Notice of Pre-AIA or AIA Status
The present application, filed on or after March 16, 2013, is being examined under the first inventor to file provisions of the AIA .
Claim Rejections - 35 USC § 112
The following is a quotation of 35 U.S.C. 112(b):
(b) CONCLUSION.—The specification shall conclude with one or more claims particularly pointing out and distinctly claiming the subject matter which the inventor or a joint inventor regards as the invention.
The following is a quotation of 35 U.S.C. 112 (pre-AIA ), second paragraph:
The specification shall conclude with one or more claims particularly pointing out and distinctly claiming the subject matter which the applicant regards as his invention.
Claims 1 and 15 are rejected under 35 U.S.C. 112(b) or 35 U.S.C. 112 (pre-AIA ), second paragraph, as being incomplete for omitting essential steps, such omission amounting to a gap between the steps. See MPEP § 2172.01. The omitted steps are: essential active heating and dehumidifying steps that perform drying because the preamble of independent claims 1 and 15 calls for drying cannabis plant Without these essential active steps, it is not unclear how the cannabis plant is dried by just loading and setting steps. The current claims merely call for drying for setting the humidity levels and chamber temperatures. This is insufficient to perform the drying step. According to the specification, the drying step requires heat source or any source to regulate heat and the chamber humidity is controlled by dehumidifier to reduce humidity and a device such as spray mist device to add humidity. The heat source or any source to regulate heat are essential for controlling the chamber temperature and the dehumidifier and a device such as spray or targeting the humidity levels and setting chamber temperature will not dry anything.
In Reference to Claim 3
Claim 3 omitted steps of obtaining the “oxygen deficient environment” There is no disclosure in the specification to explain the process of obtaining the oxygen deficient.
Regarding Claims 2, 4-8, 10-12, 14, 16, 18-20, 22 and 29
Claims 2, 4-8, 10-12, 14 are rejected by their virtual dependency to Claim 1.
Claims 16, 18-20, 22 and 29 are rejected by their virtual dependency to Claim 15.

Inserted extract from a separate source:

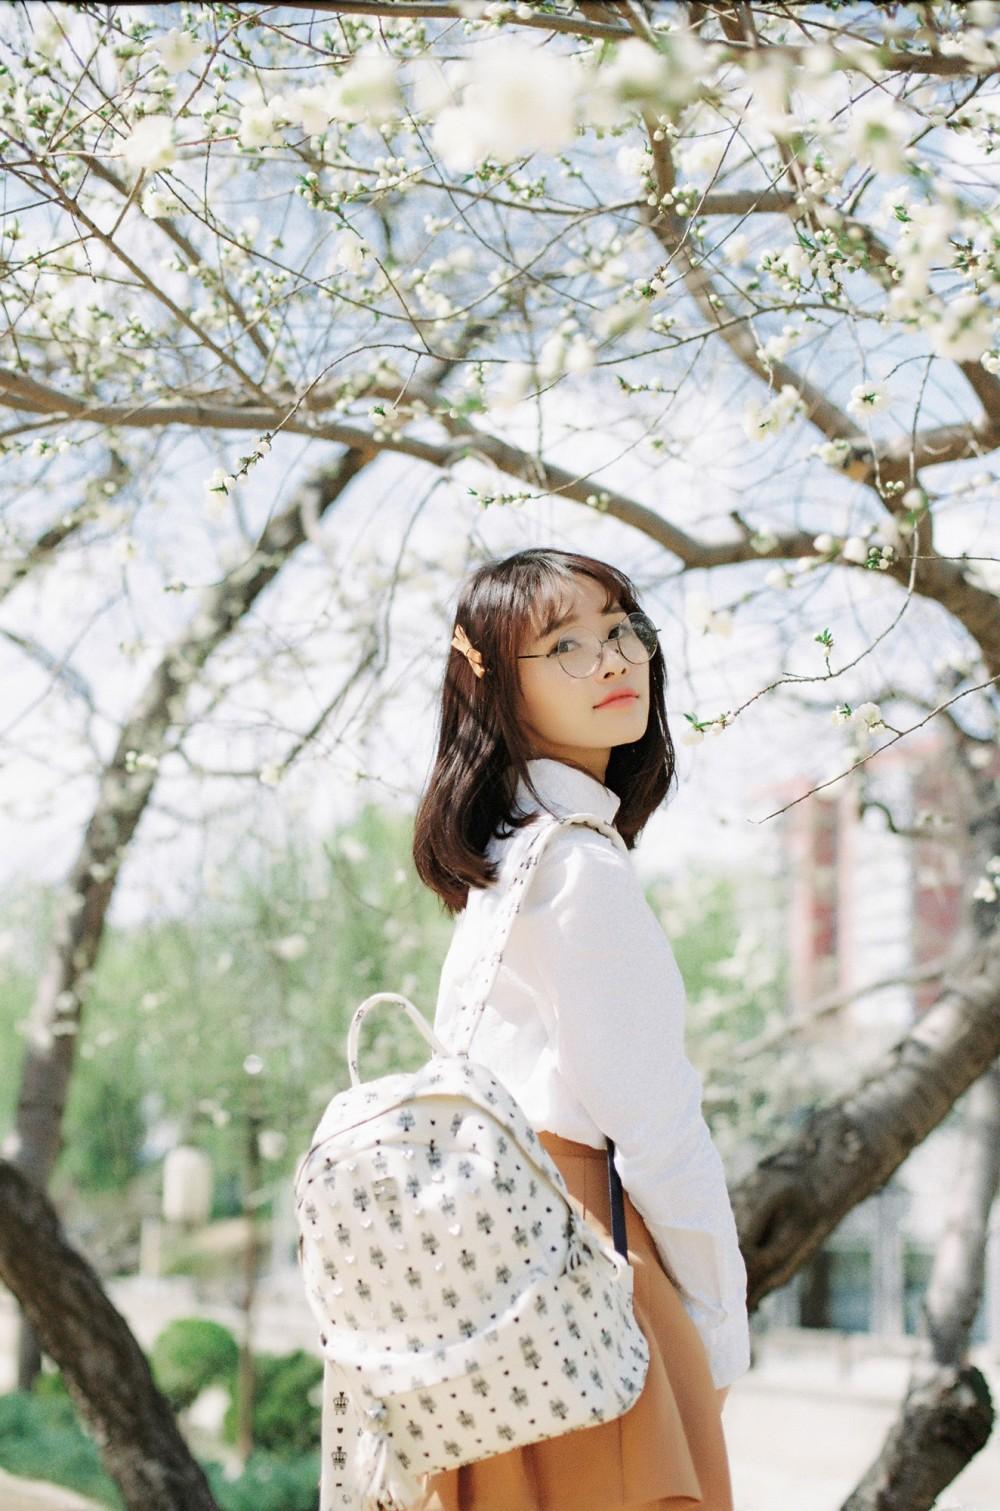 樱之旅 @马骏同学-菲林中文-独立胶片摄影门户!

Claim Rejections - 35 USC § 103
In the event the determination of the status of the application as subject to AIA 35 U.S.C. 102 and 103 (or as subject to pre-AIA 35 U.S.C. 102 and 103) is incorrect, any correction of the statutory basis (i.e., changing from AIA to pre-AIA ) for the rejection will not be considered a new ground of rejection if the prior art relied upon, and the rationale supporting the rejection, would be the same under either status.
The following is a quotation of 35 U.S.C. 103 which forms the basis for all obviousness rejections set forth in this Office action:
A patent for a claimed invention may not be obtained, notwithstanding that the claimed invention is not identically disclosed as set forth in section 102, if the differences between the claimed invention and the prior art are such that the claimed invention as a whole would have been obvious before the effective filing date of the claimed invention to a person having ordinary skill in the art to which the claimed invention pertains. Patentability shall not be negated by the manner in which the invention was made.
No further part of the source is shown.